С кавалерскими домами связаны у меня и первые воспоминания о домашних пиршествах. На семейные праздники (1-го и 15-го июля) собиралось человек сорок, если не шестьдесят, и тогда приходилось обедать в саду за поставленными в два ряда столами. На этих пиршествах я помню баловавшего меня поэта Якова Петровича Полонского, тогда еще ходившего без костылей и очень увлекавшегося живописью; помню еще и трех моих двоюродных дядей - Альберта, Камилло и Стефано Кавосов, из коих двое младших служили в итальянской армии, а поэтому, находясь наездом в Петербурге, являлись на семейные торжества в своих эффектных мундирах.
С этой же поры я отчетливо помню и другого своего дядю (мужа покойной тети Софи) Митрофана Ивановича Зарудного, блестящего краснобая и очень нарядного щеголя, к сожалению, тогда уже злоупотреблявшего вином. Помню, как, стоя в траве на коленях перед далеко не привлекательной тетушкой Екатериной Анджеловной, он, подняв персты к небу, дурачась, клялся ей в вечной любви; помню и то, как, посадив меня на высококолесный свой шарабан, он гнал рысака, сея всеобщий ужас по улицам Петергофа. Запомнился мне с тех пор и тот случай, как дядя Митрофан, мчась таким же бешенным аллюром по Самсониевской аллее, опрокинул шарабан и его седоков в канал.
Однажды среди наших гостей я заприметил новое лицо - молодого человека с заостренной бородкой, одетого совсем не так, как другие - в кафтан без пуговиц и в шаровары.
На ногах у него были мягкие черкесские сапоги, а на голове странная кавказская шапочка. Уже одно это было поразительно, но еще поразительней было то, что являлся этот молодой человек всегда верхом на казацкой лошади. Почему-то в мое сердце вкралось сразу недоброе предчувствие, да долго и не пришлось догадываться: уже к концу лета (1874 г.) он был объявлен женихом моей сестры Кати.

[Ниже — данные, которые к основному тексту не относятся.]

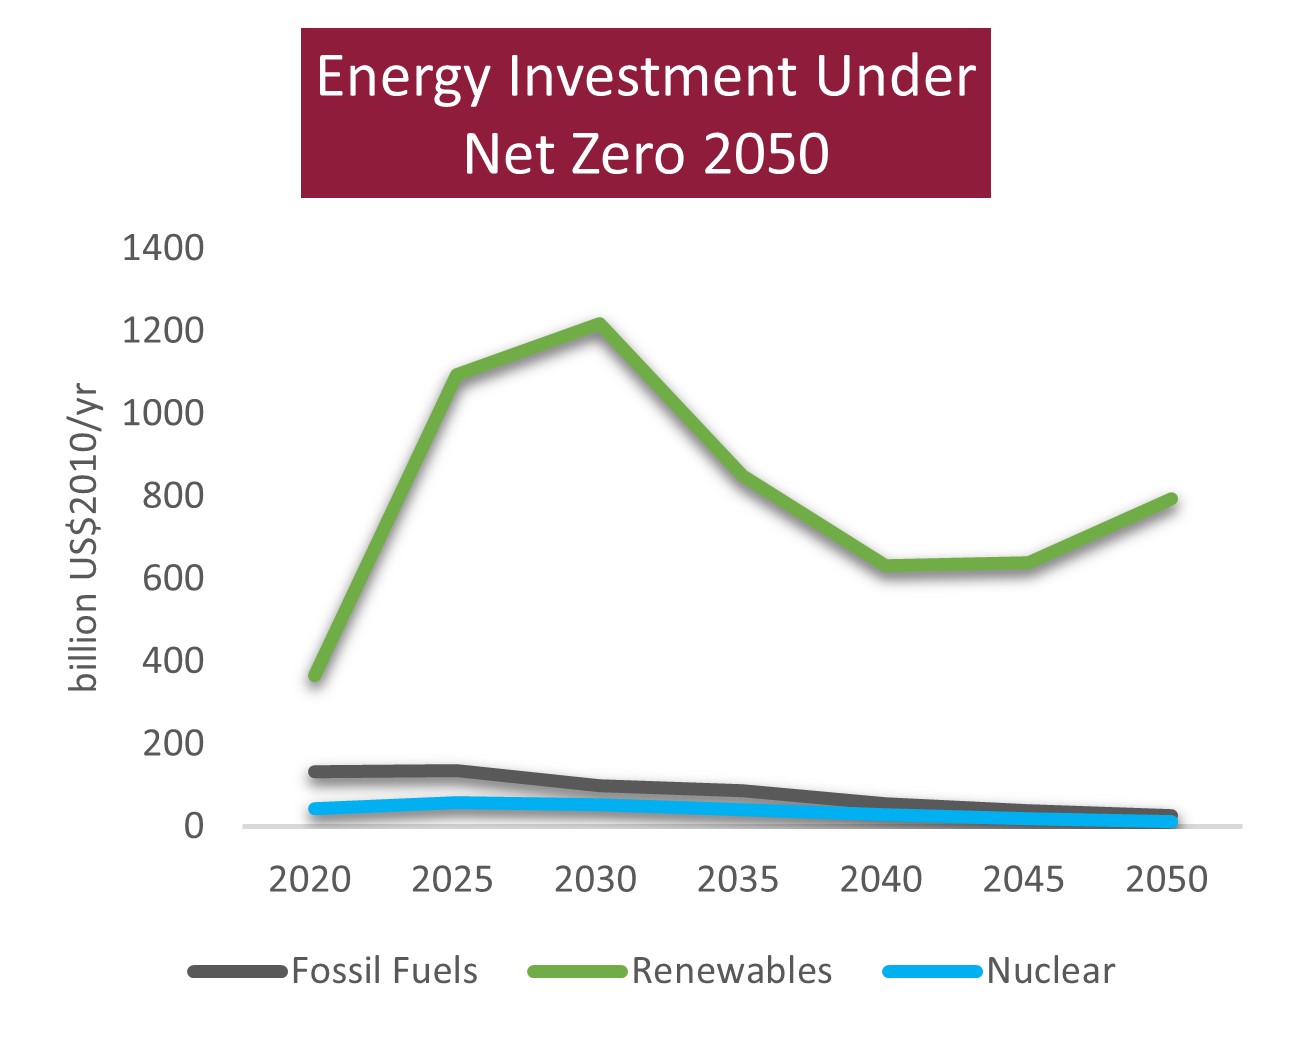 Energy investment under Net Zero 2050

Обеих сестер, и старшую Камишу и младшую Катю, я нежно любил. Это были совсем взрослые барышни, которые годились мне в матери и которые старались одна перед другой излить на своего крошечного братца запасы своей материнской нежности. Выходило, точно у меня не одна, а целых три мамы, но одна из них возбуждала во мне какое-то особое чувство, которое я не знаю как назвать иначе, нежели как словами "художественный восторг". Катя считалась вообще очень хорошенькой, я же в ней видел прямо-таки свой идеал. Пожалуй, будет вернее сказать, что это была моя первая (разумеется совершенно безотчетная, но всё же пылкая) влюбленность, и это чувство я "почти осознал", как раз тогда, когда мне сообщили, что Катя выходит замуж за Женю Лансере. Как-то раз меня позвали в гостиную, сунули в руку длинный узкий бокал, на дне которого было немножко желтоватого вина и пригласили выпить за здоровье Кати и Жени. Все вокруг уже держали такие же бокалы, но у них вино, пенясь, переливалось через край и капало на пол. У всех был необычайно радостный вид, все стукались своими бокалами друг с другом, и весело что-то приговаривали. "Что же Шуренька, чокнись и ты со мной, - нагнулась ко мне Катя, - ведь я невеста, я выхожу замуж за Женю. Чокнемся!" Но Шуреньке было не до чоканья. Я выронил свой бокал из рук и он разбился, ("это к счастью, это к счастью!", загудели вокруг гости), сам же, заливаясь слезами, помчался к себе в детскую и, рыдая, зарылся в подушки. Что только не предпринимали, чтобы меня утешить - ничего не помогало. Я не понимал, что значит "выйти замуж", я даже не представлял себе отчетливо, что сестра теперь вскоре покинет наш дом, но всё мое существо возмутилось против того, что вот этот чужой человек станет близким к "моей" Кате! Я почти занемог от жгучей ревности. К самой свадьбе, которая была сыграна через несколько недель, я уже "примирился с судьбой", успокоился, а после свадьбы Женя и Катя уехали в Париж, где и прожили всю зиму. Там-то и сделала высокоталантливая ученица Зичи - Мэри Эттингер их необычайно удачный двойной портрет.